- **SUPPLIED DATA**:
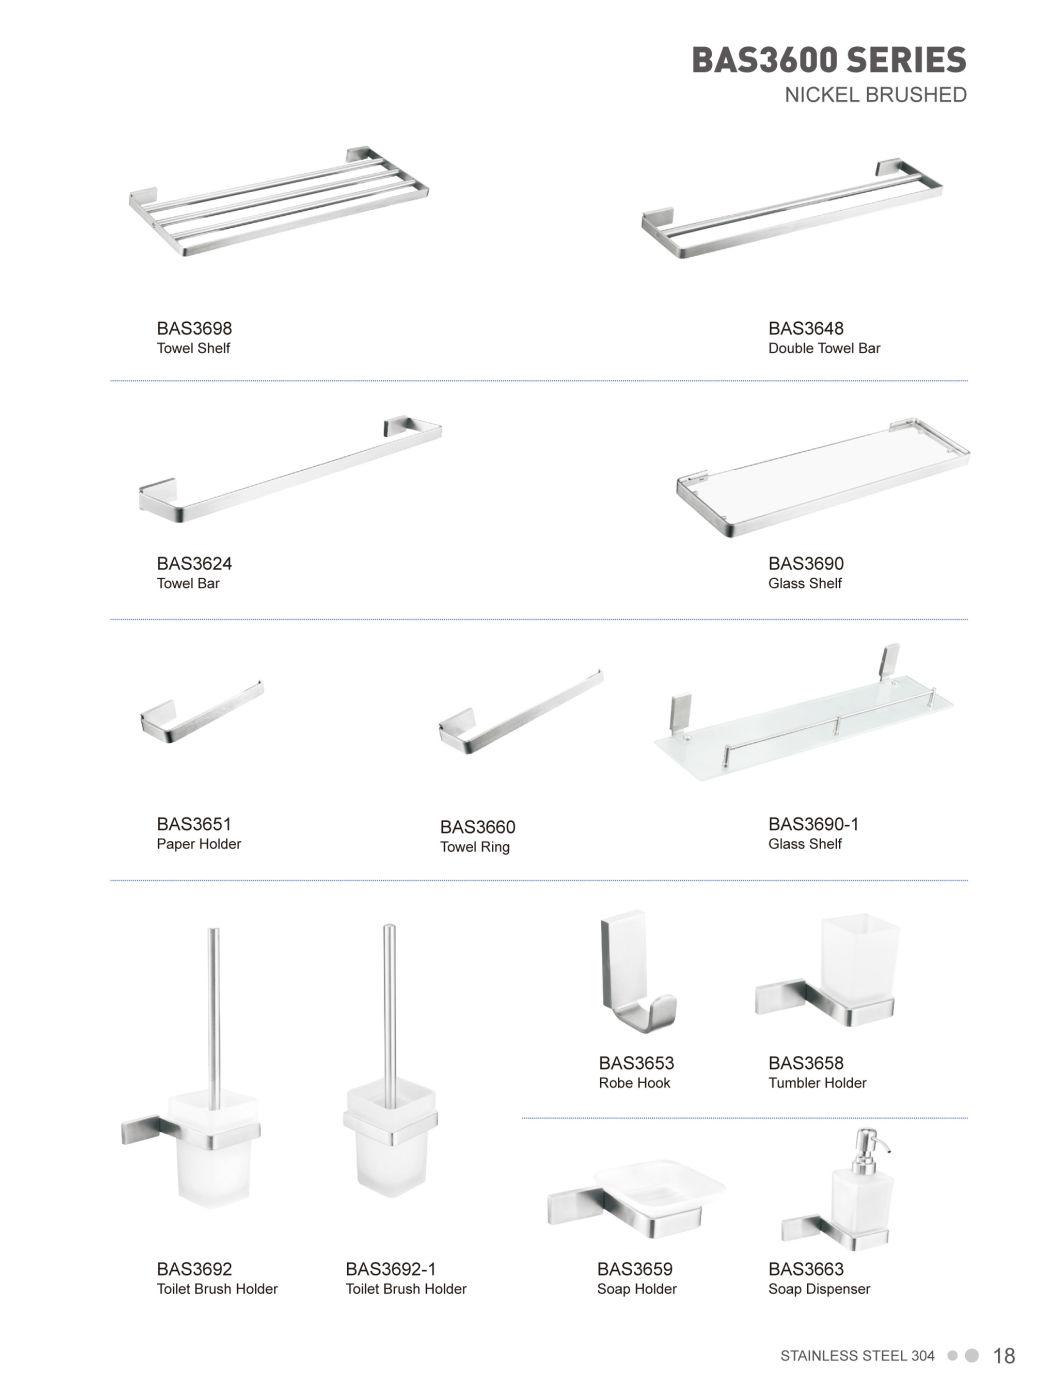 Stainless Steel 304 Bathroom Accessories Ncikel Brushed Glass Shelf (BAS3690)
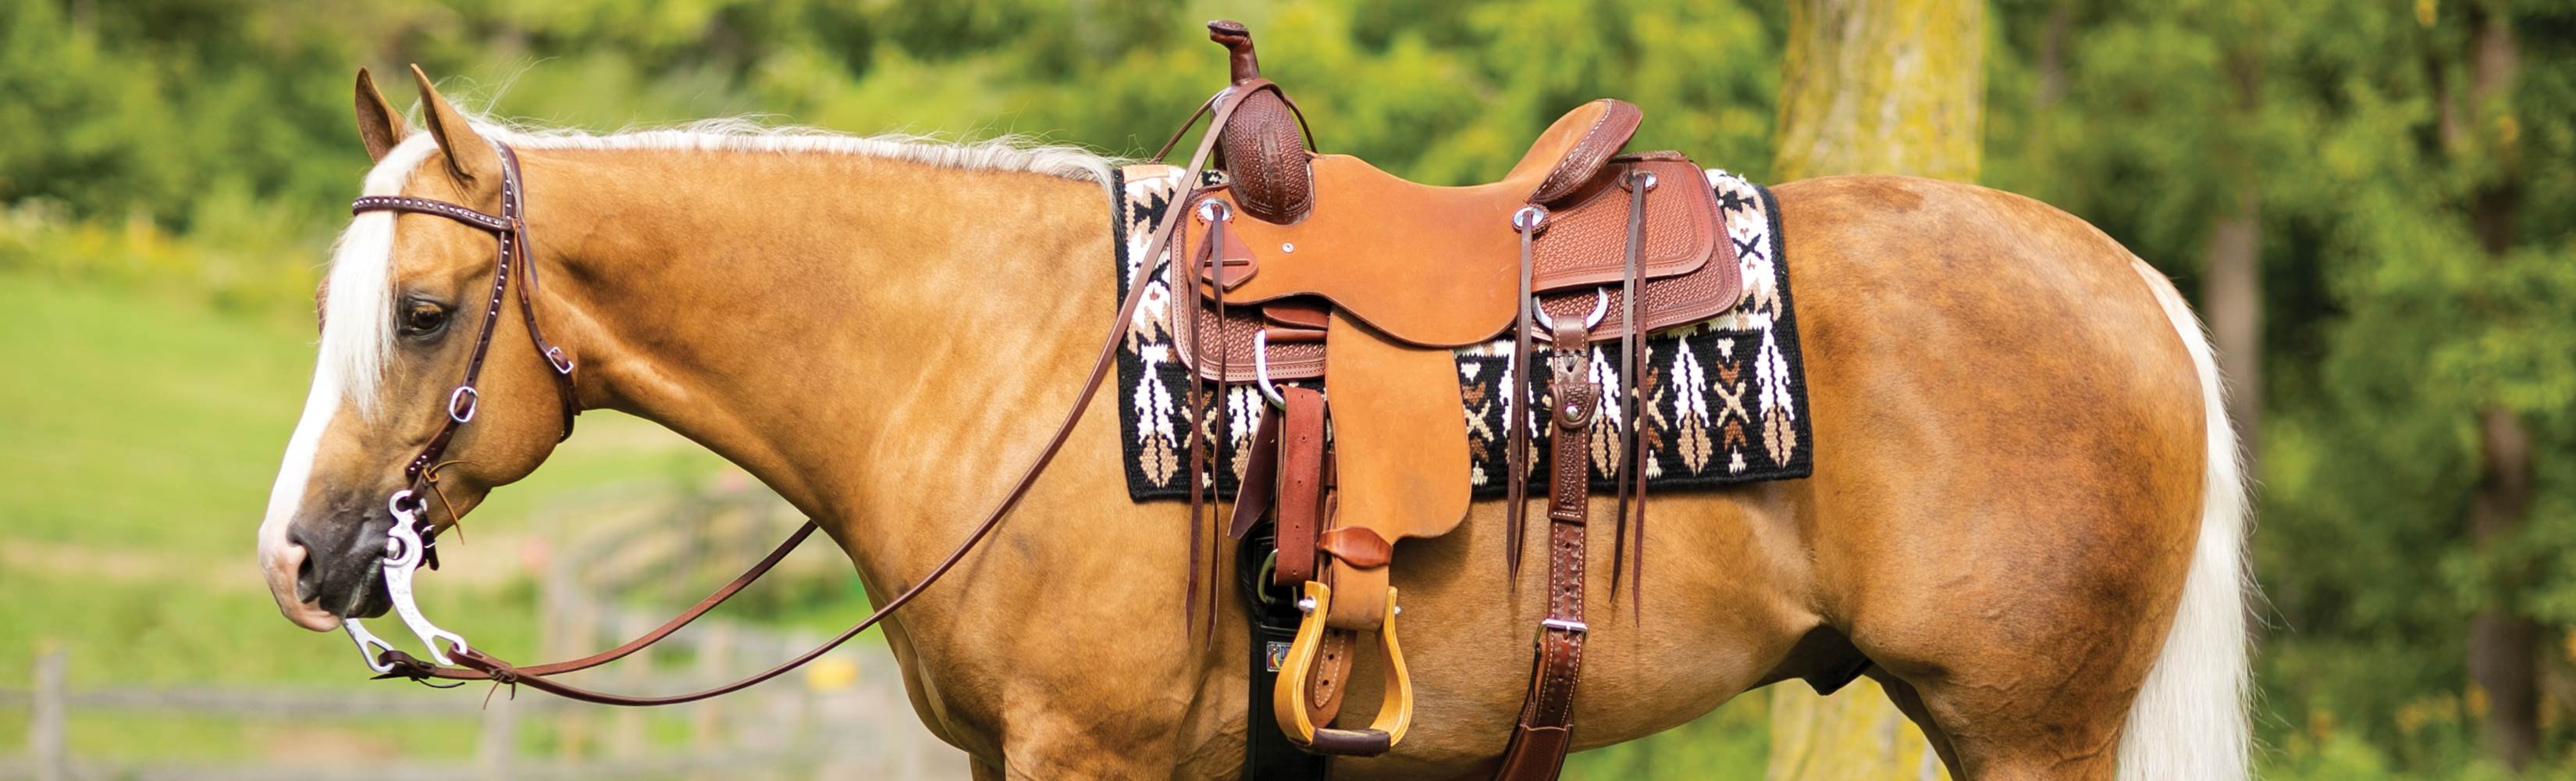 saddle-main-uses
---
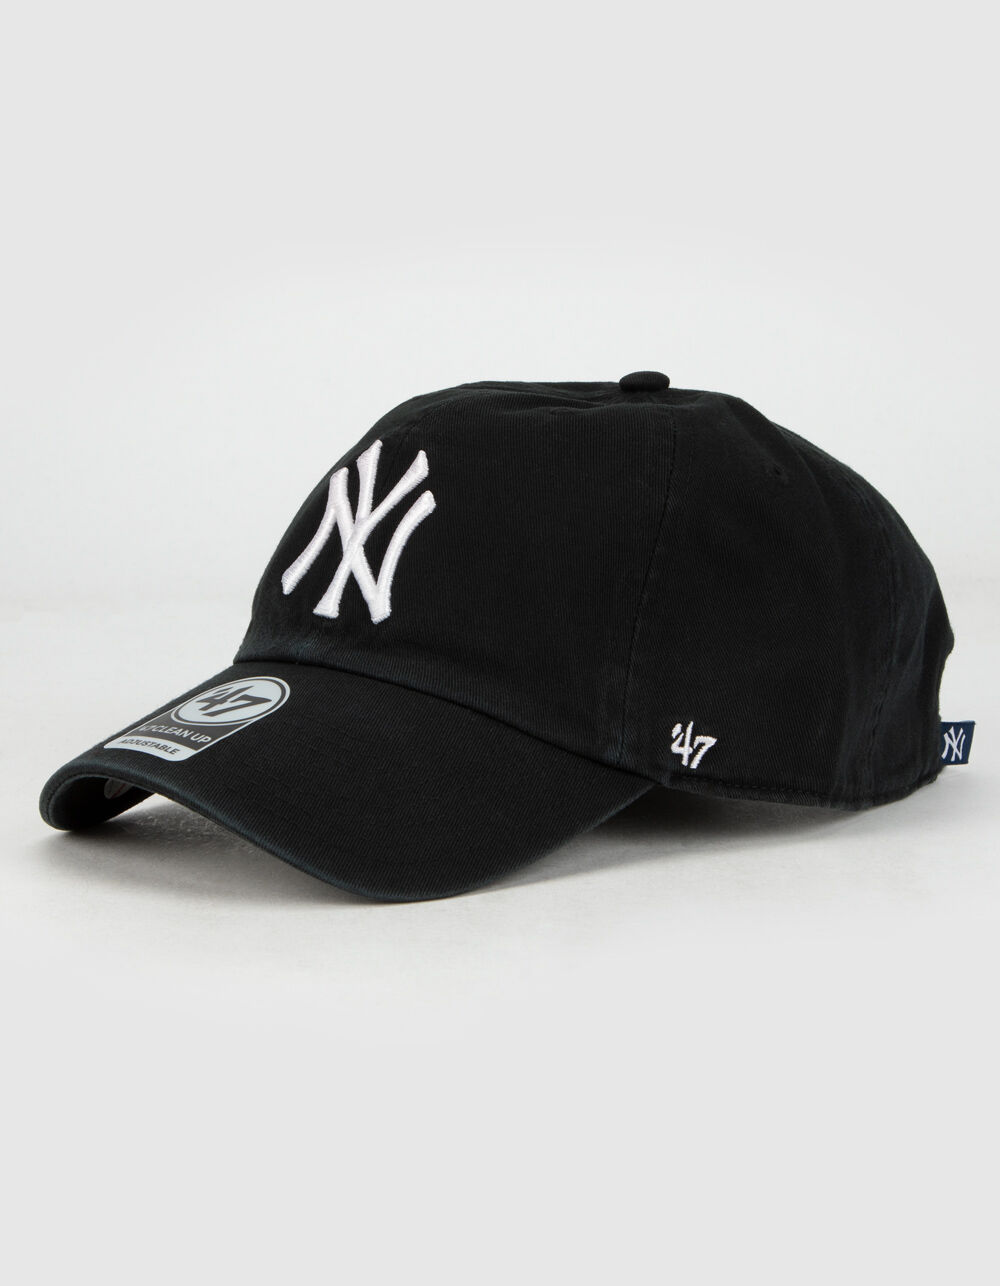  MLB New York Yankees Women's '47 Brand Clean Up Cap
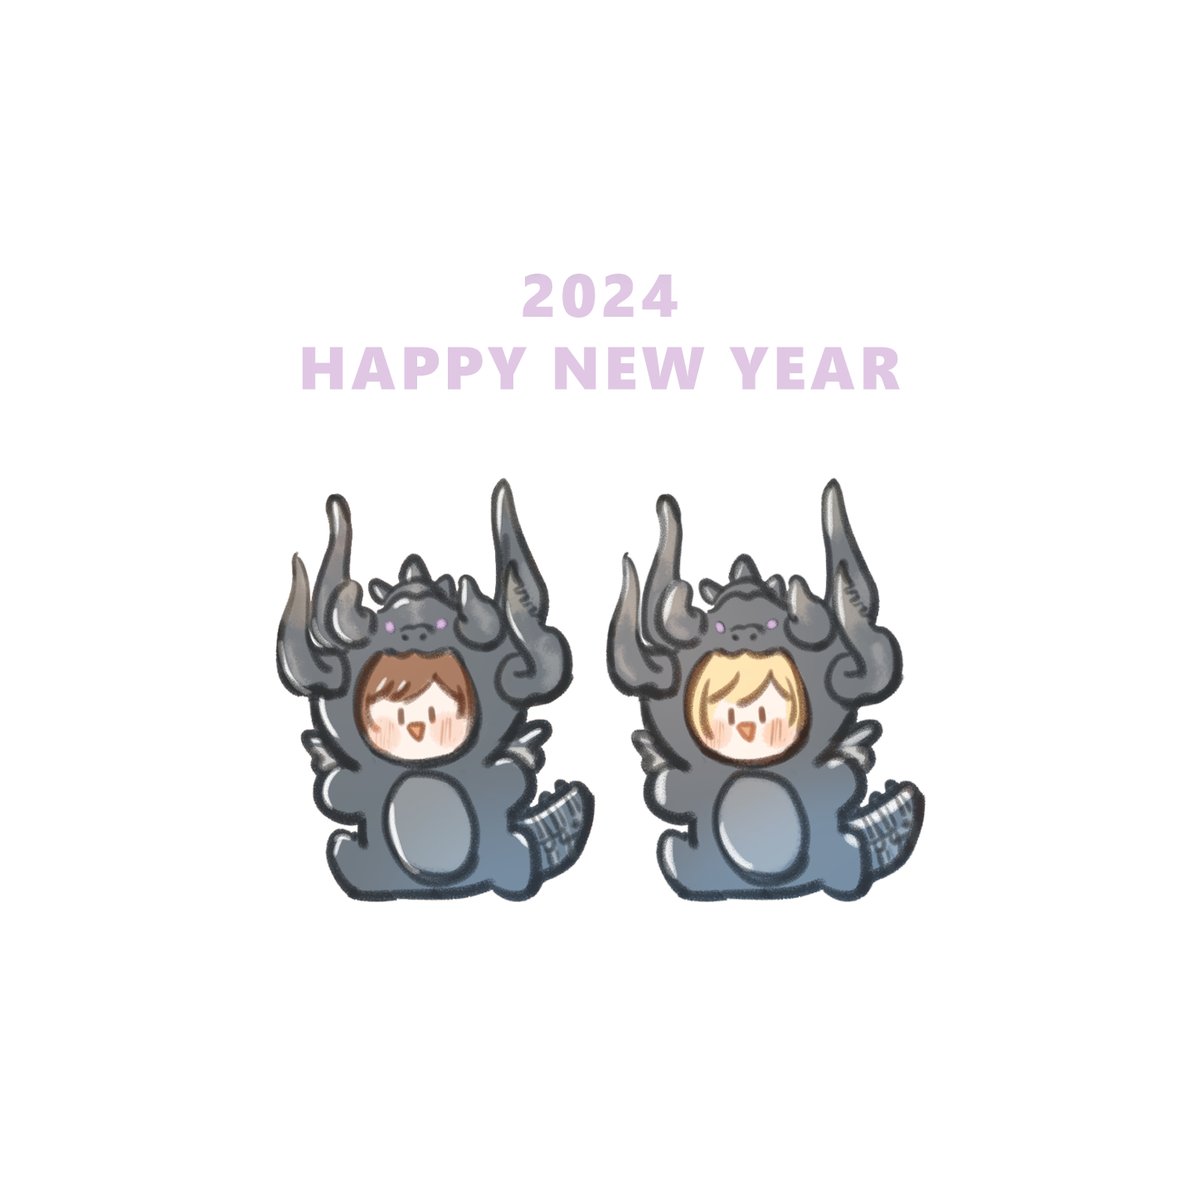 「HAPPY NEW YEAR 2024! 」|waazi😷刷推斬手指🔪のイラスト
* * *
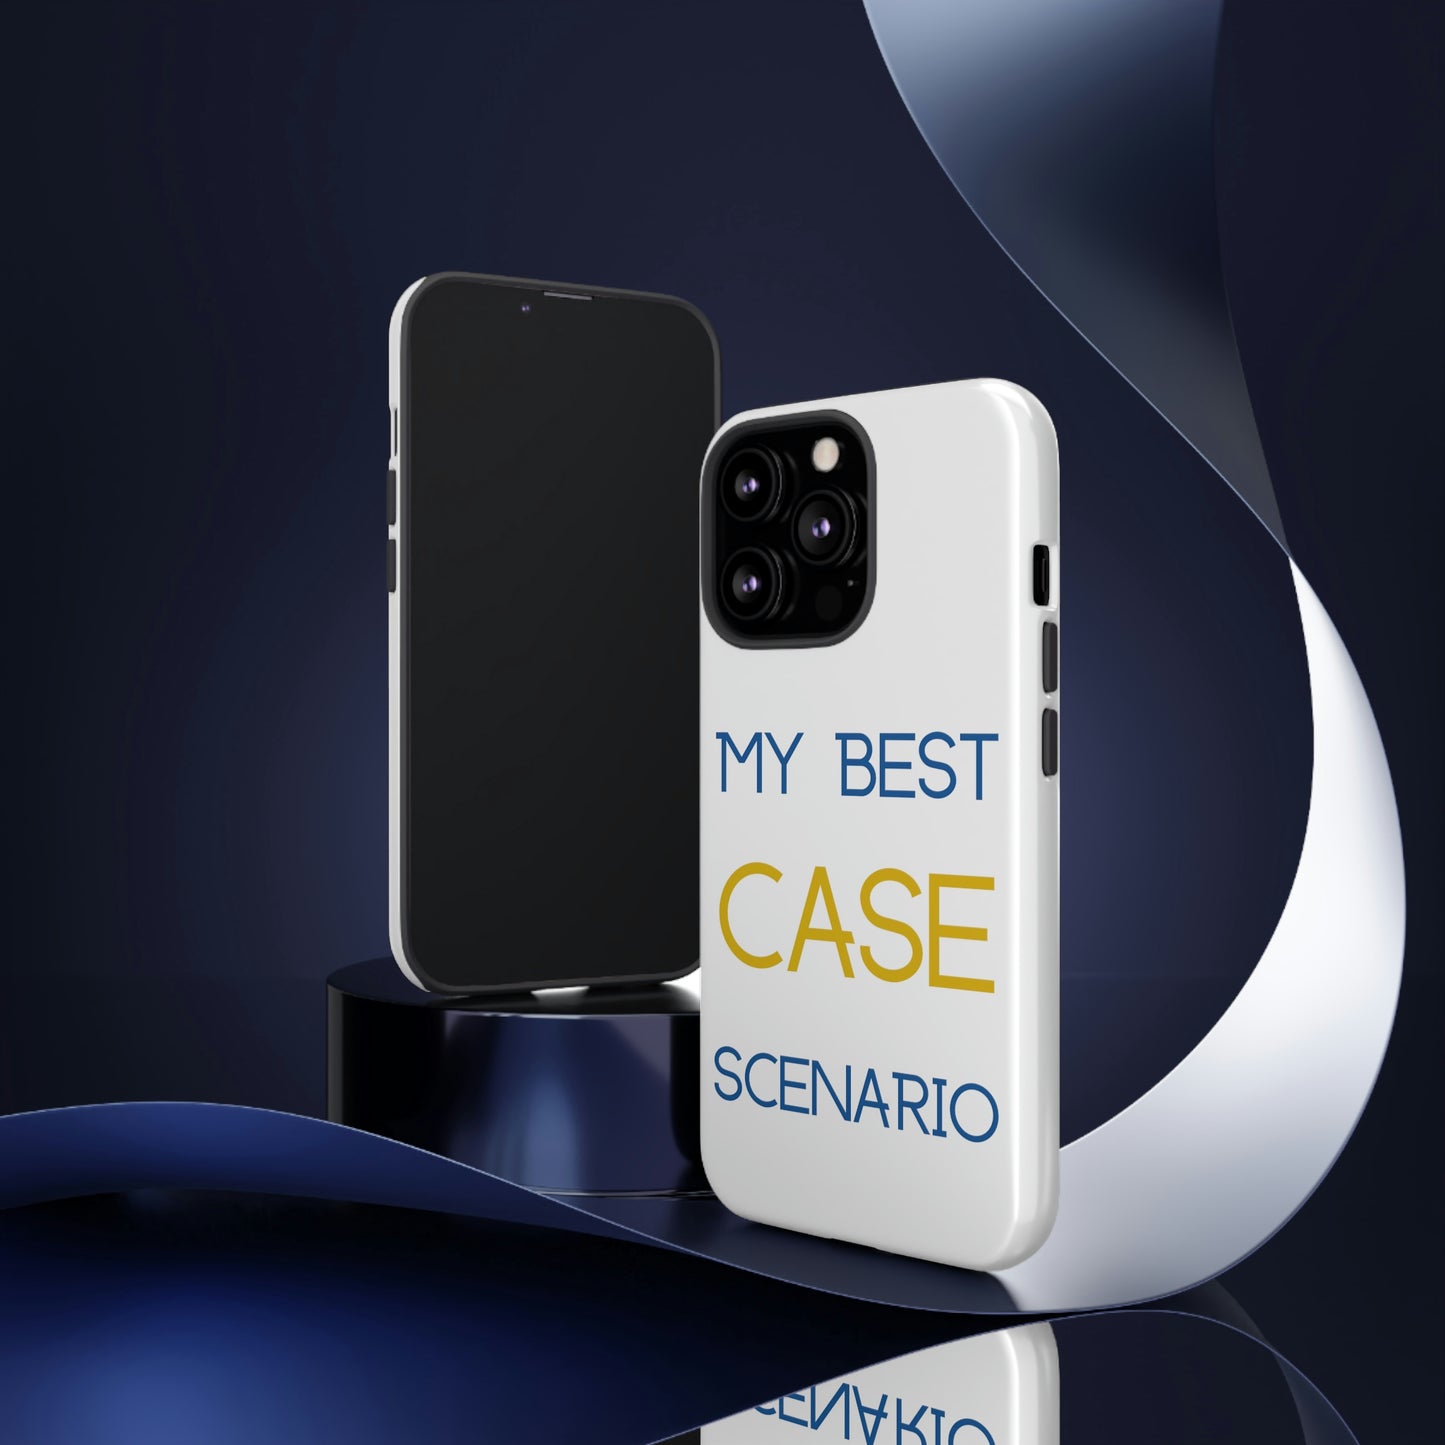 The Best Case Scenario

- **INSTRUCTIONS TO FOLLOW**: Which part of the entries opens with the line containing "Stainless Steel 304" and closes with the line containing "saddle-main-uses"? Output that part exactly, ends included, pictures excluded.

- **RESULT OF THIS EXERCISE**:
 Stainless Steel 304 Bathroom Accessories Ncikel Brushed Glass Shelf (BAS3690)
 saddle-main-uses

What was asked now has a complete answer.